Exercise >> Exactly the lines from the one containing "SmartRetail Thiet bi bao ve Tablet SF103 4" through the end of the listing must make up the answer, with no pictures included.

START Given data

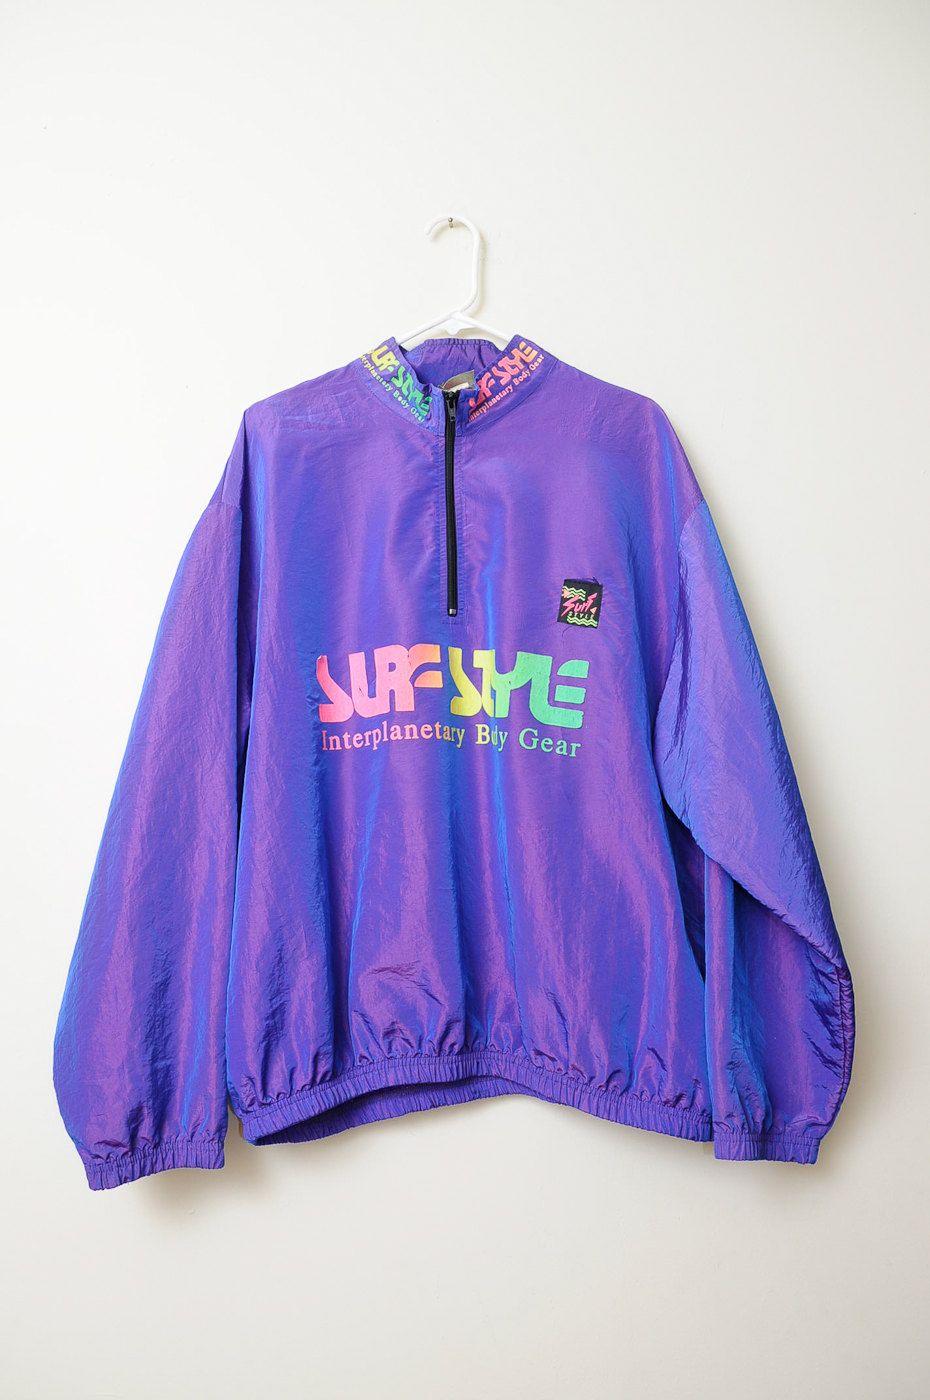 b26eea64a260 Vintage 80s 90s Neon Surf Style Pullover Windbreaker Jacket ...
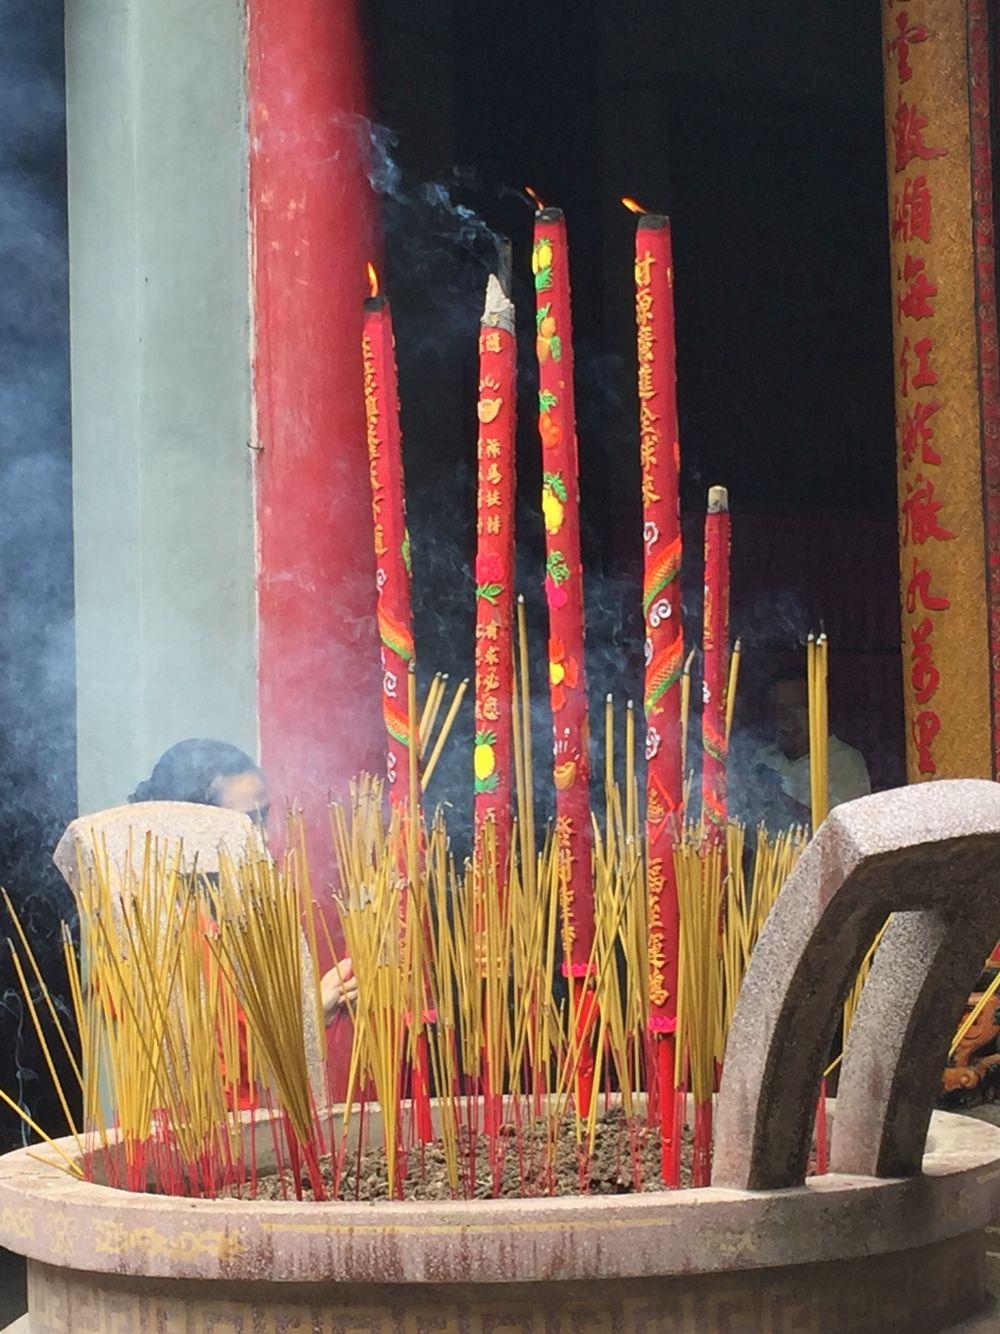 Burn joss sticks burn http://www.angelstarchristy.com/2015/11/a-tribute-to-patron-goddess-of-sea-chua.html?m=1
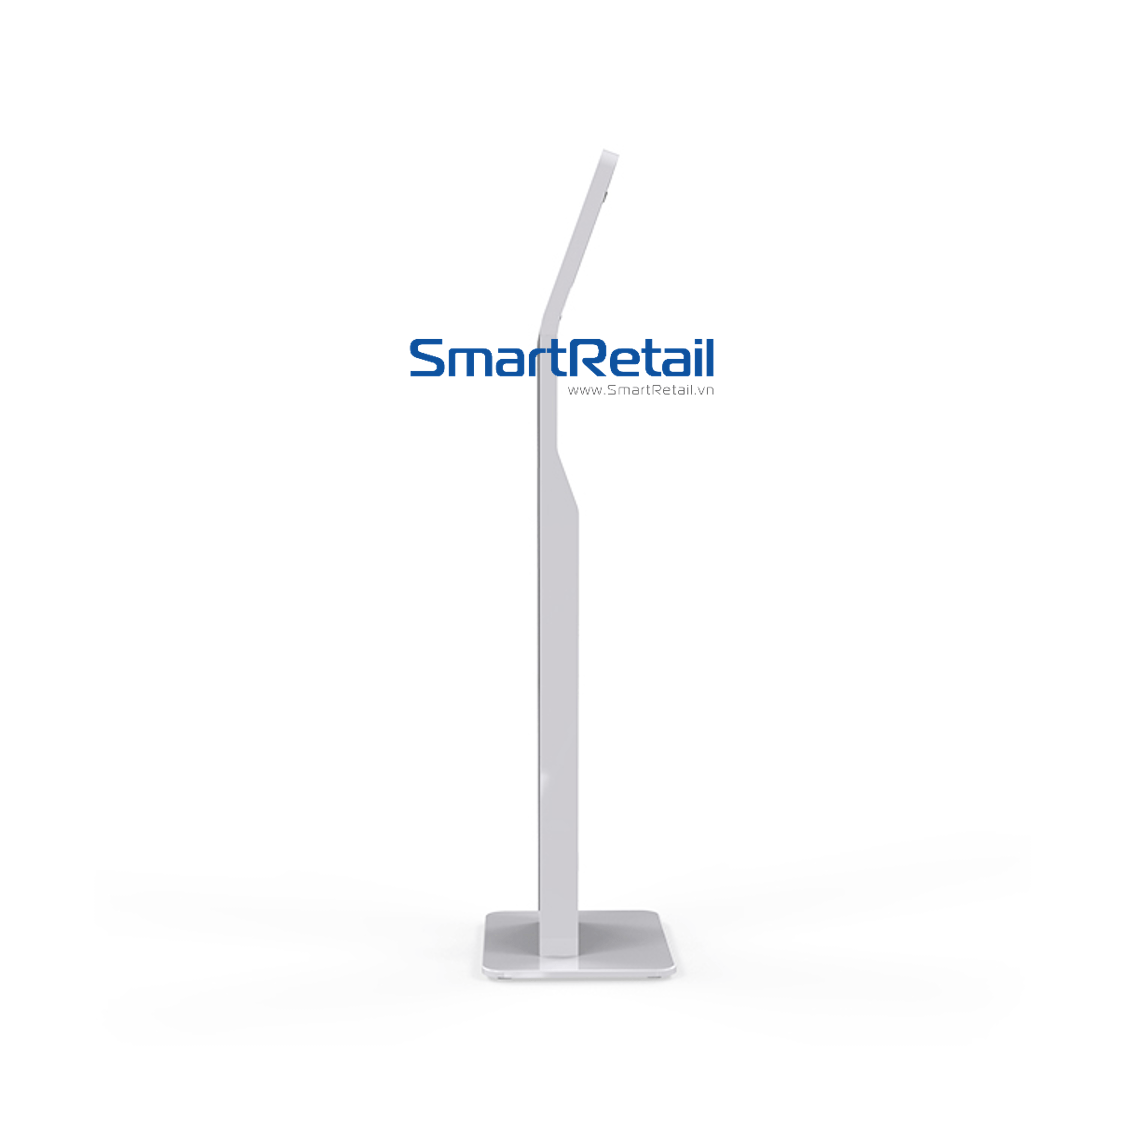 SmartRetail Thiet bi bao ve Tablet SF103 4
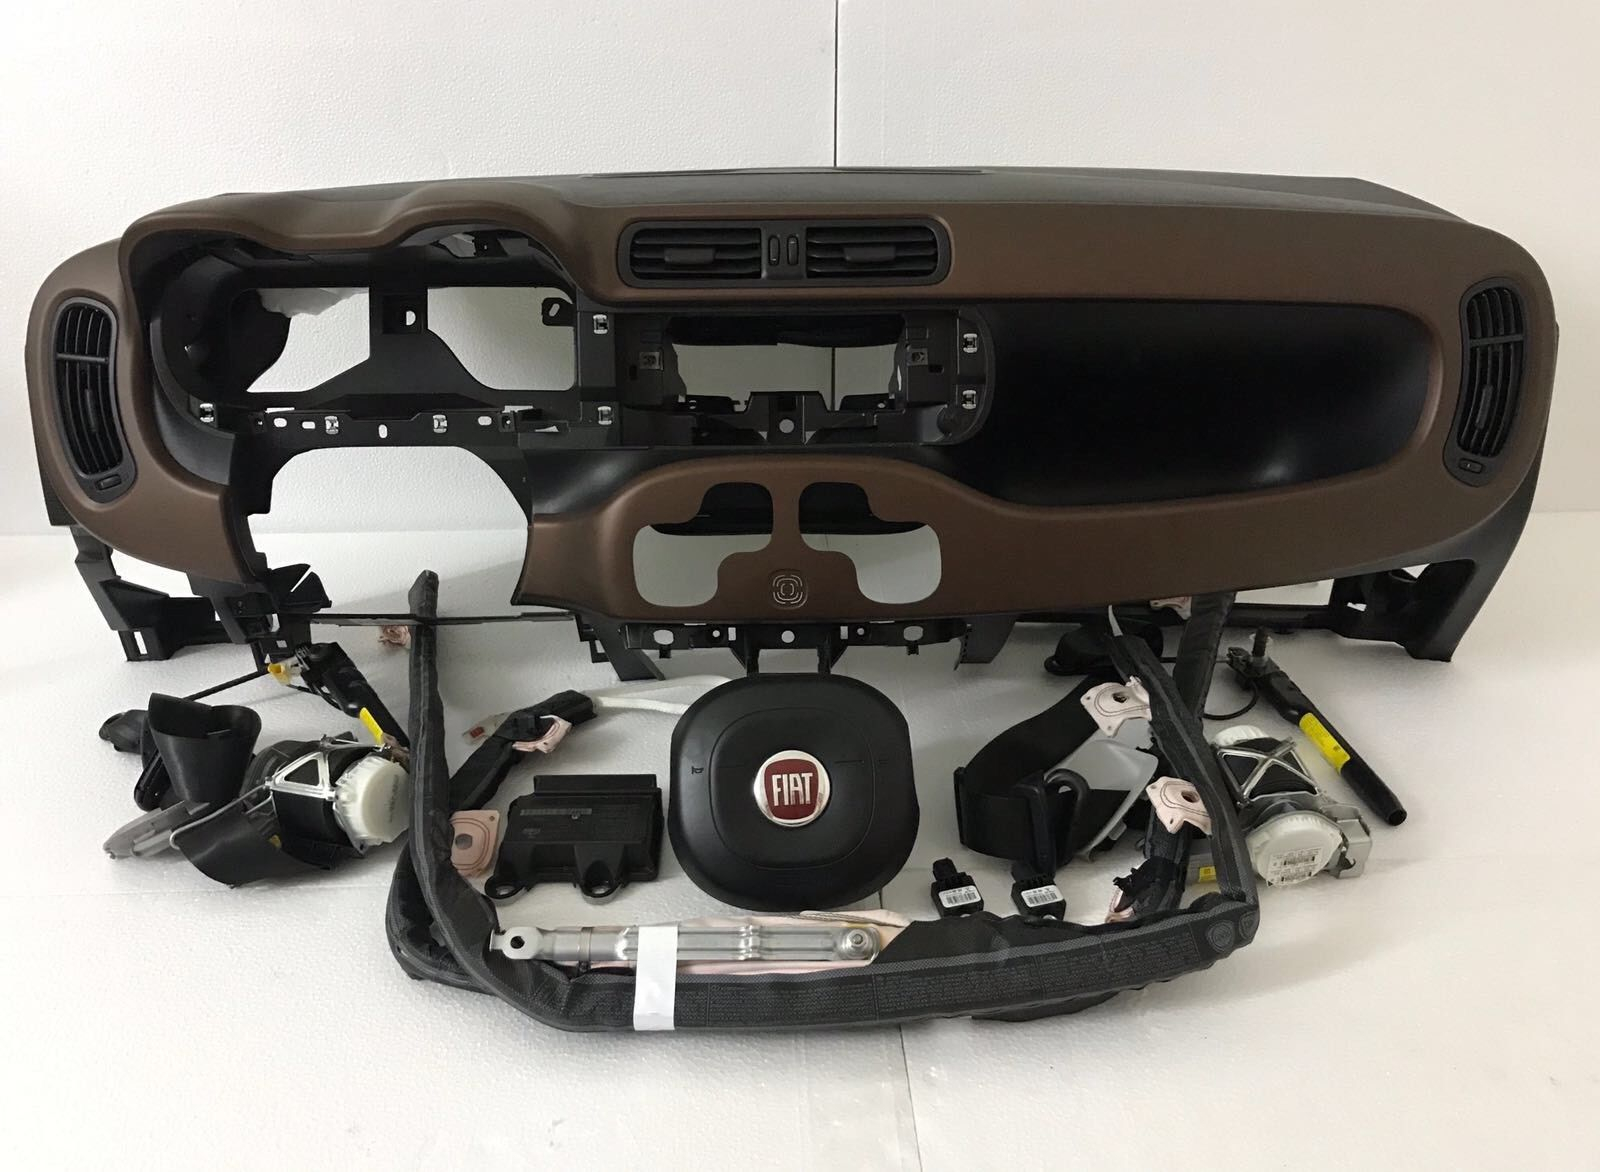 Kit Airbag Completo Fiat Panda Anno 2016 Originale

END Given data

Solution to this task >>
 SmartRetail Thiet bi bao ve Tablet SF103 4
 Kit Airbag Completo Fiat Panda Anno 2016 Originale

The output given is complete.